▶ _Information supplied_
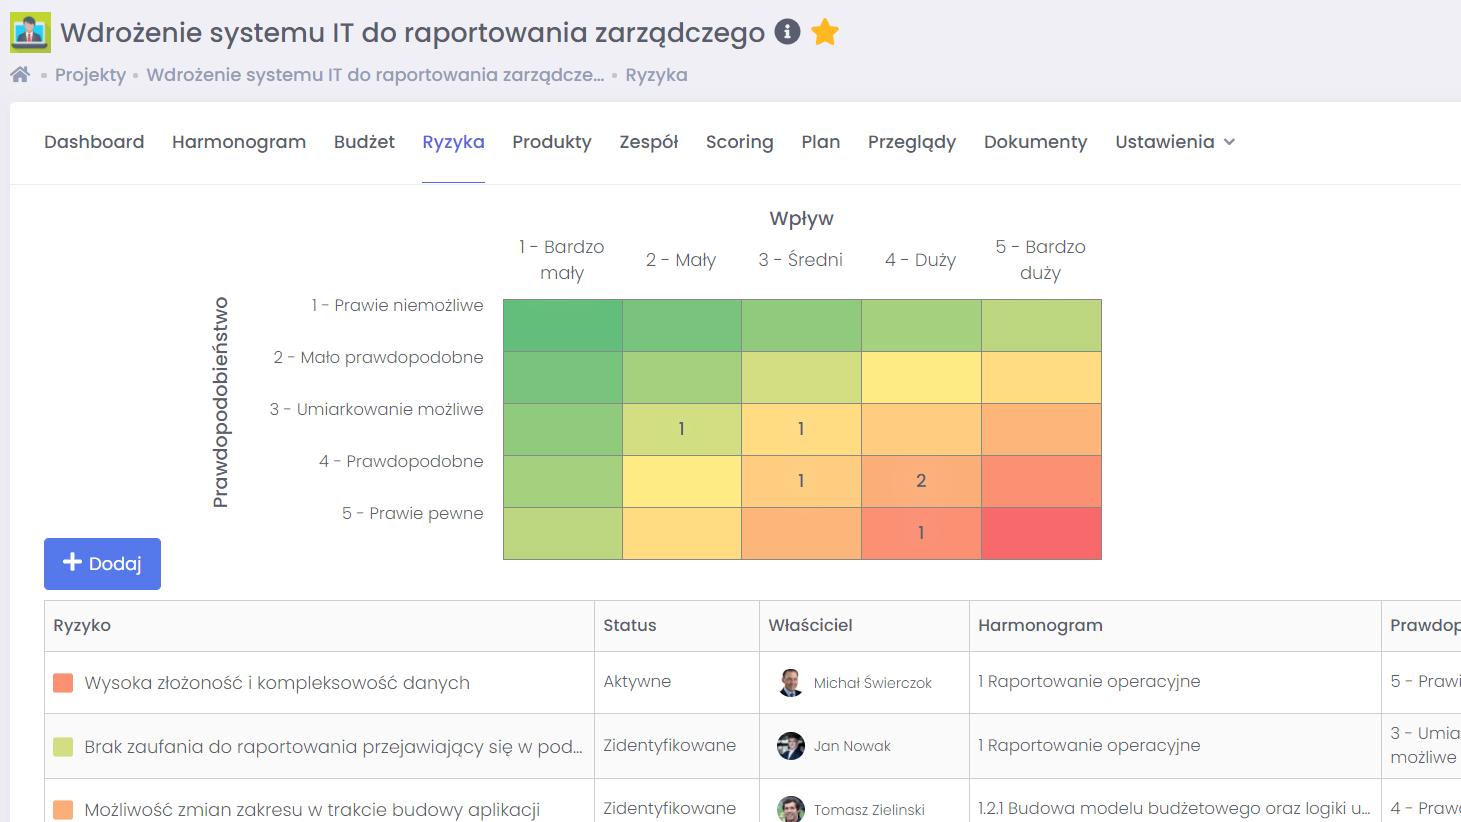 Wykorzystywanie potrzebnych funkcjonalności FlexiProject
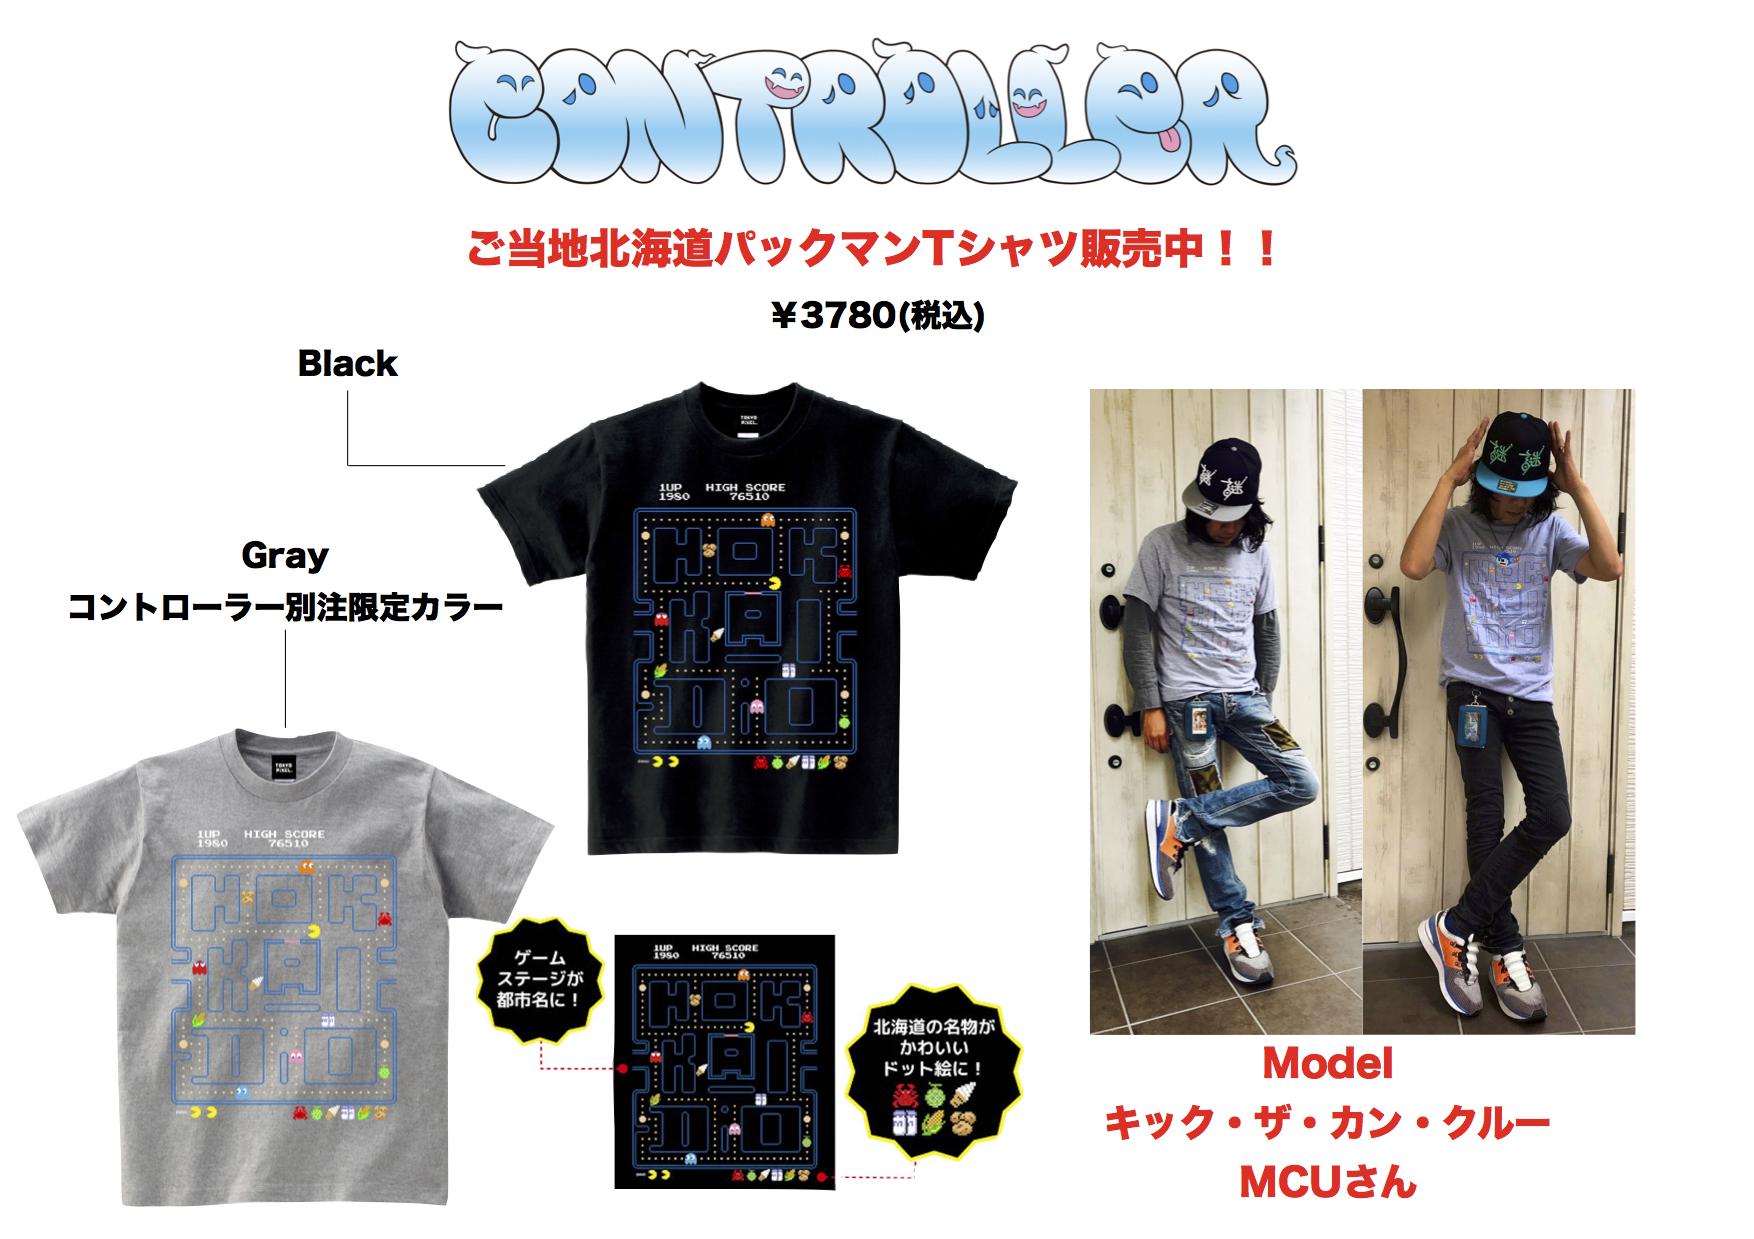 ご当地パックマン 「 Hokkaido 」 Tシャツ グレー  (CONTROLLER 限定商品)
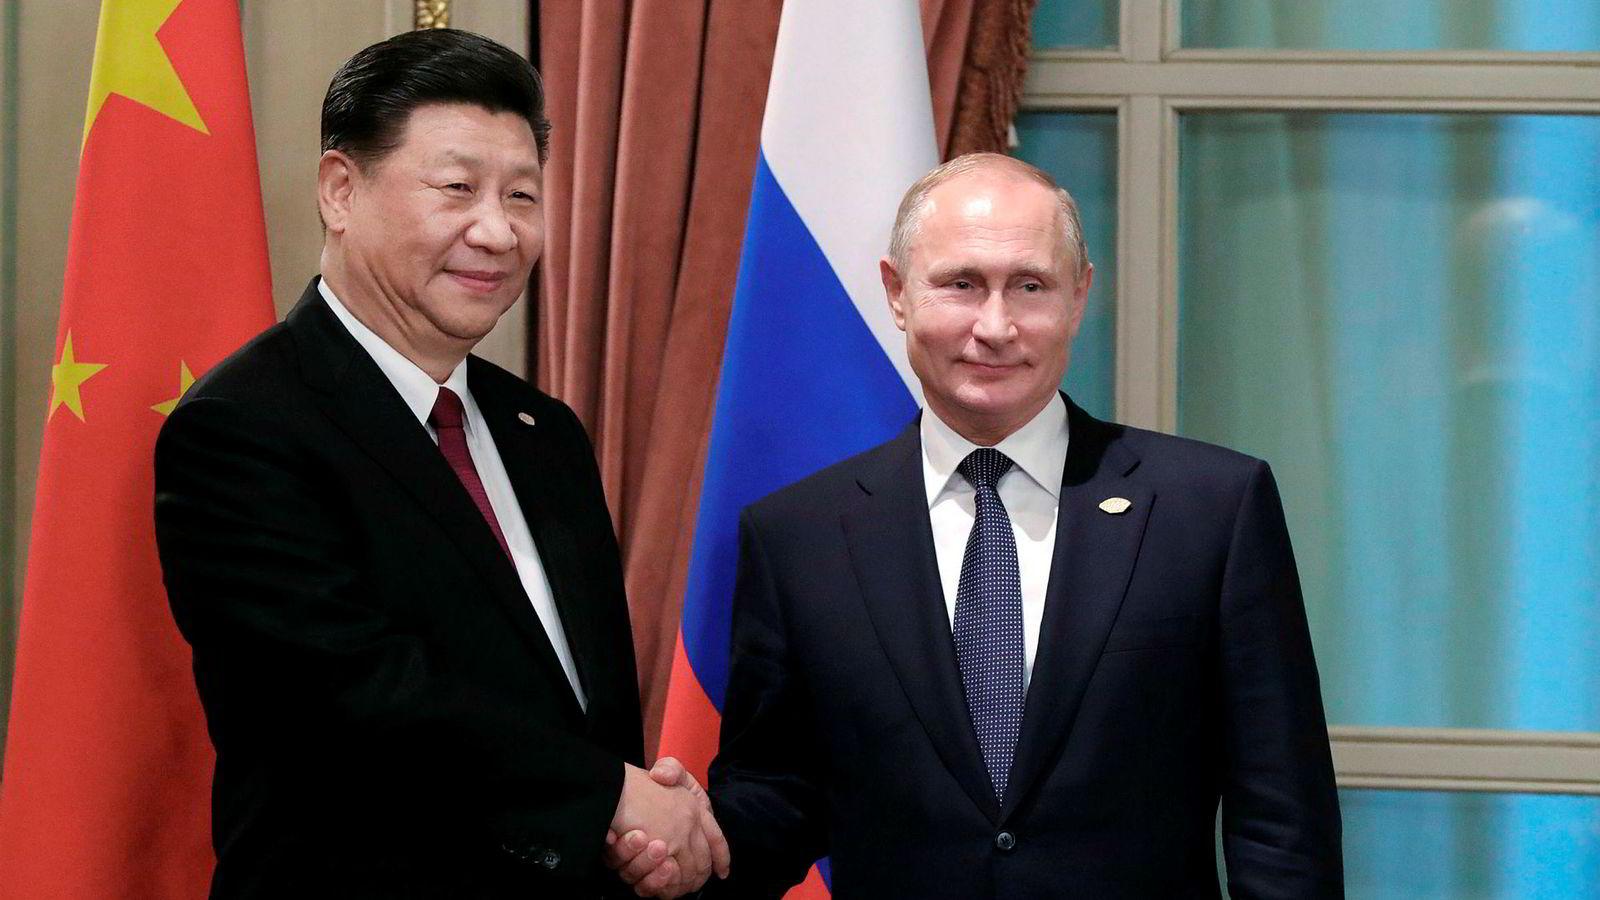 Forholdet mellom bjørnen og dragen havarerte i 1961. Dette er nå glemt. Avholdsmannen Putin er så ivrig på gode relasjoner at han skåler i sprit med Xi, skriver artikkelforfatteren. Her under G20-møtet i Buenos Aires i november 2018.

▶ _Instructions for the task_
Give back the whole listing exactly, without pictures.

▶ _Completed task_
 Wykorzystywanie potrzebnych funkcjonalności FlexiProject
 ご当地パックマン 「 Hokkaido 」 Tシャツ グレー  (CONTROLLER 限定商品)
 Forholdet mellom bjørnen og dragen havarerte i 1961. Dette er nå glemt. Avholdsmannen Putin er så ivrig på gode relasjoner at han skåler i sprit med Xi, skriver artikkelforfatteren. Her under G20-møtet i Buenos Aires i november 2018.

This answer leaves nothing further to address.